++++ Data excerpt

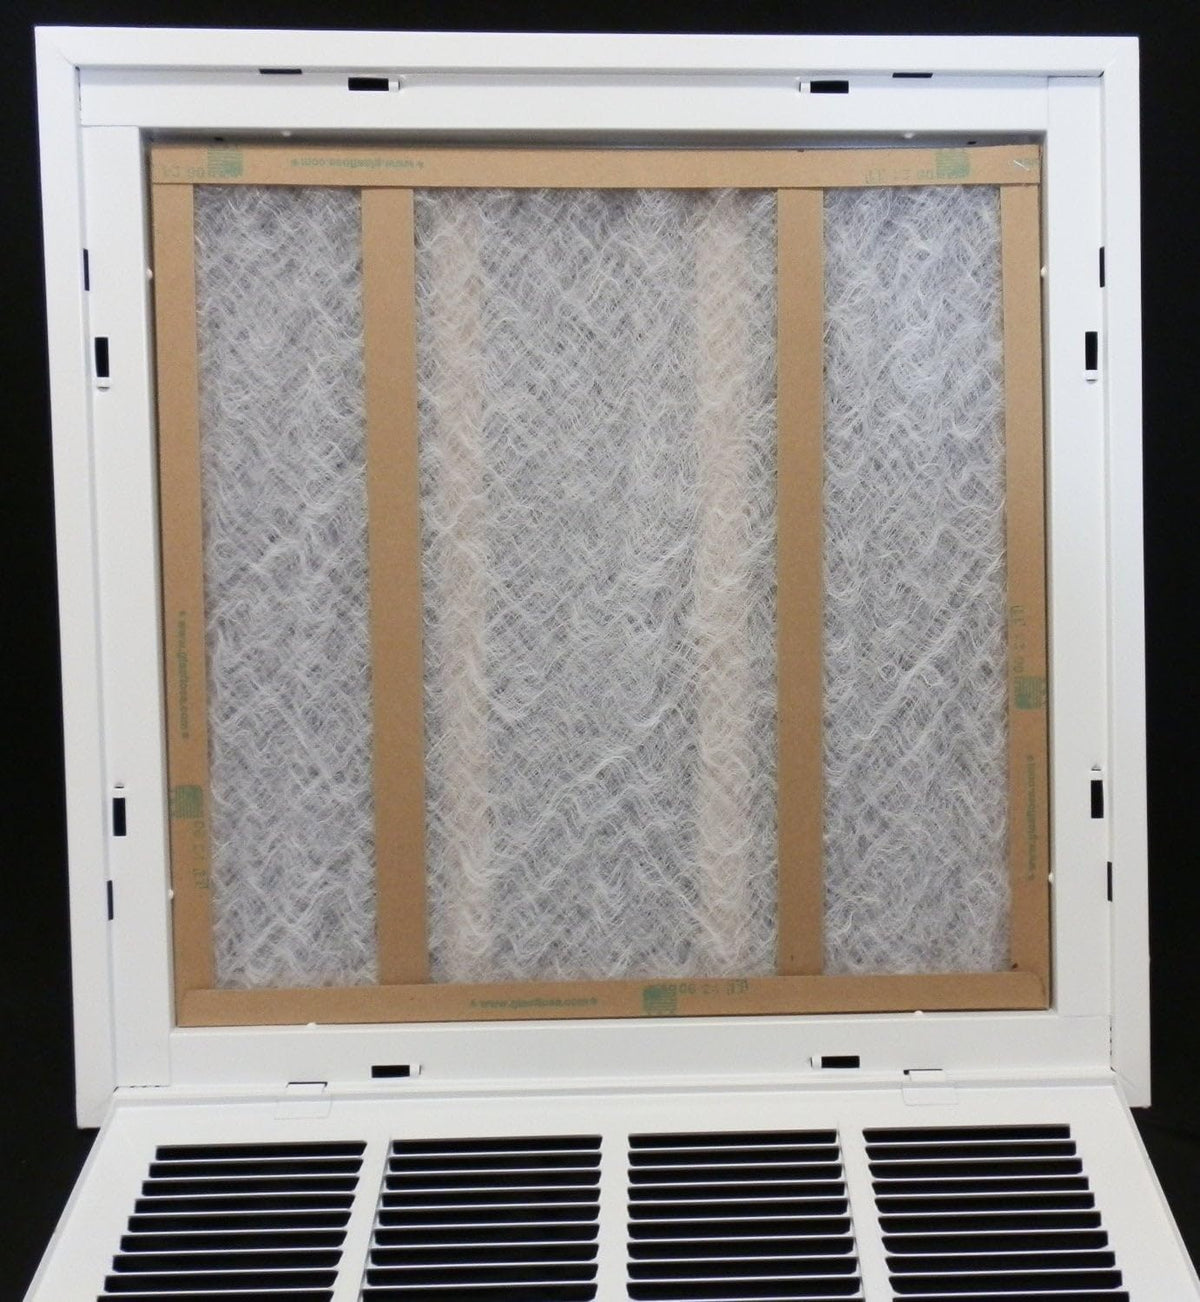 10&quot; X 6&quot; Steel Return Air Filter Grille for 1&quot; Filter - Removable Frame - [Outer Dimensions: 12 5/8&quot; X 8 5/8&quot;]
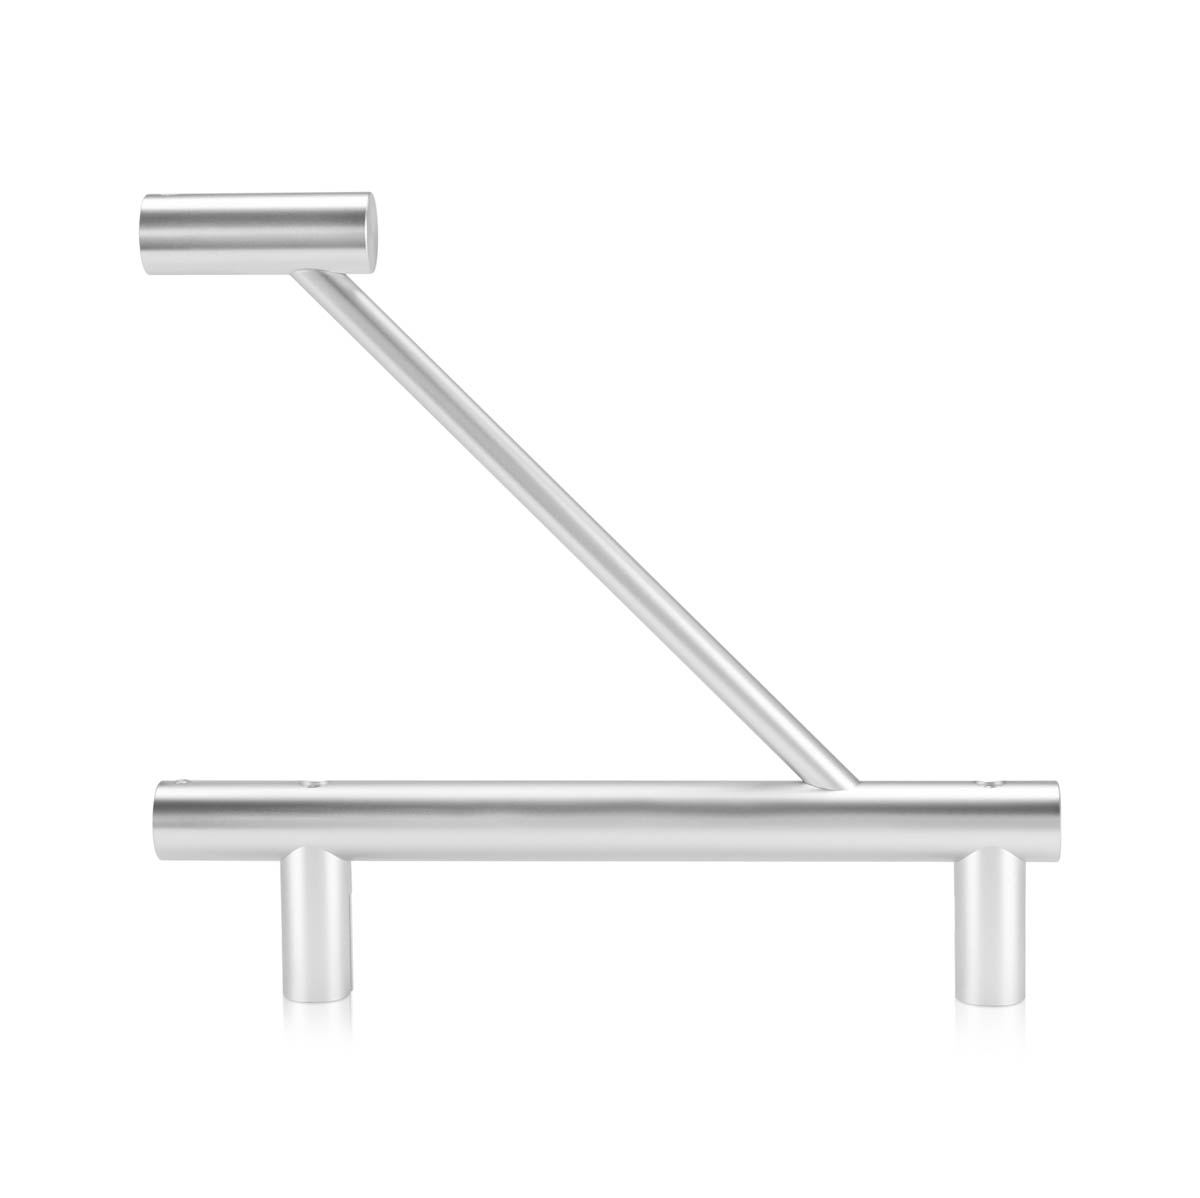 Aluminum Flag Sign Bracket Only, Clear Anodized Finish. 1/8'' Thickness Material Accepted, 7-7/8 Length, 3/4'' Diameter. (Sold Without Panel, Bracket Only)
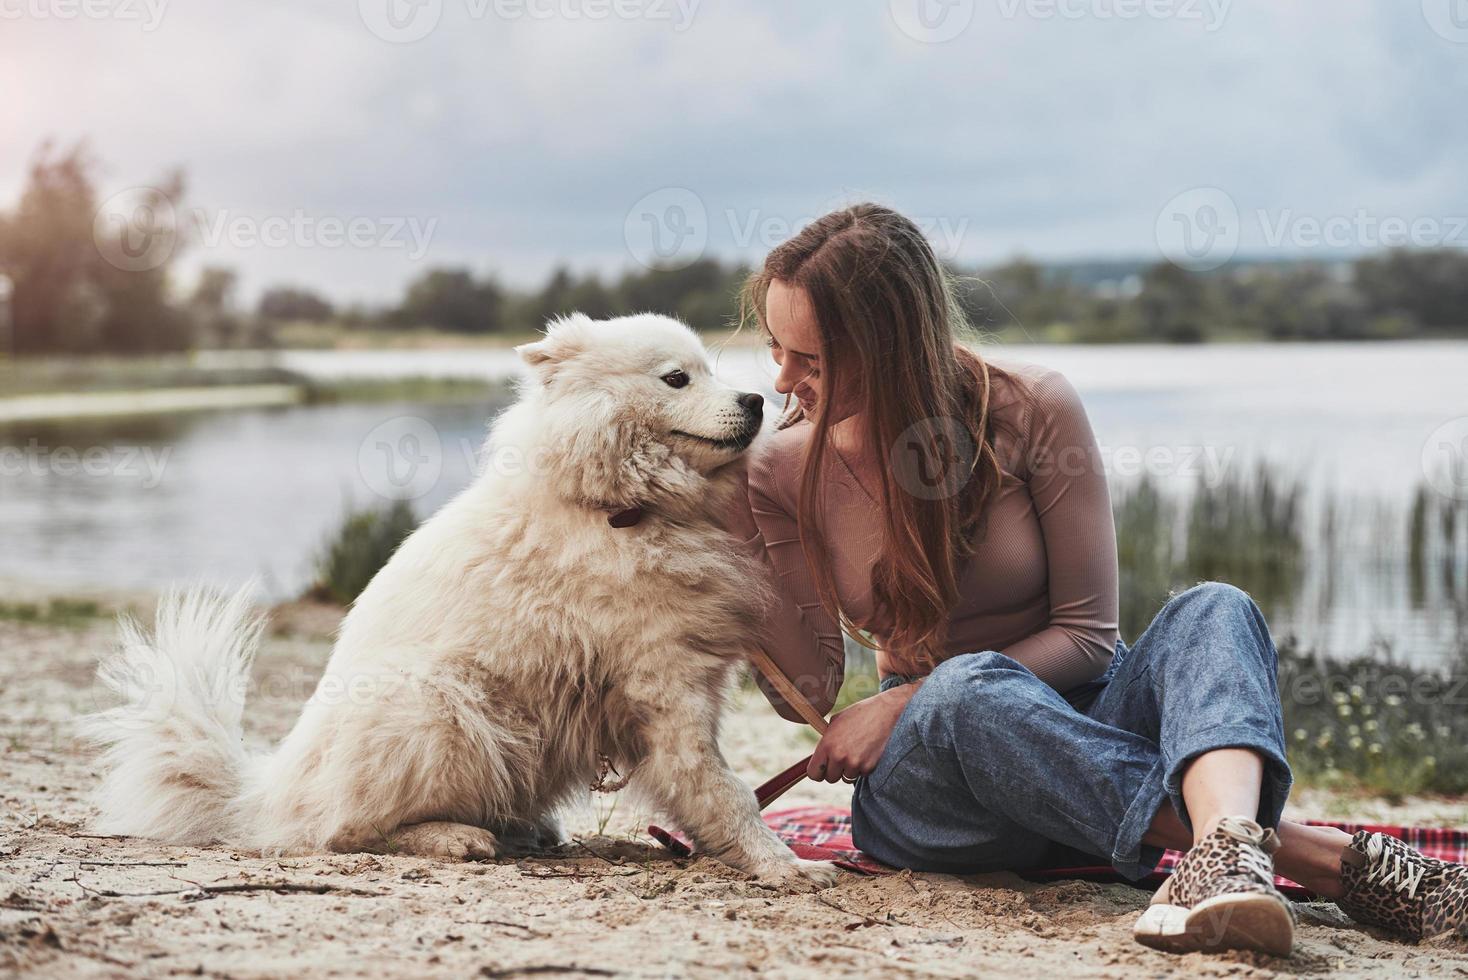 Good walk. Blonde girl with her cute white dog have a great time spending on a beach photo

++++++++

Required action> An exact restatement is expected of the lines from the line containing "Aluminum Flag Sign" to the end of the data above, pictures excluded.

Answer space>
 Aluminum Flag Sign Bracket Only, Clear Anodized Finish. 1/8'' Thickness Material Accepted, 7-7/8 Length, 3/4'' Diameter. (Sold Without Panel, Bracket Only)
 Good walk. Blonde girl with her cute white dog have a great time spending on a beach photo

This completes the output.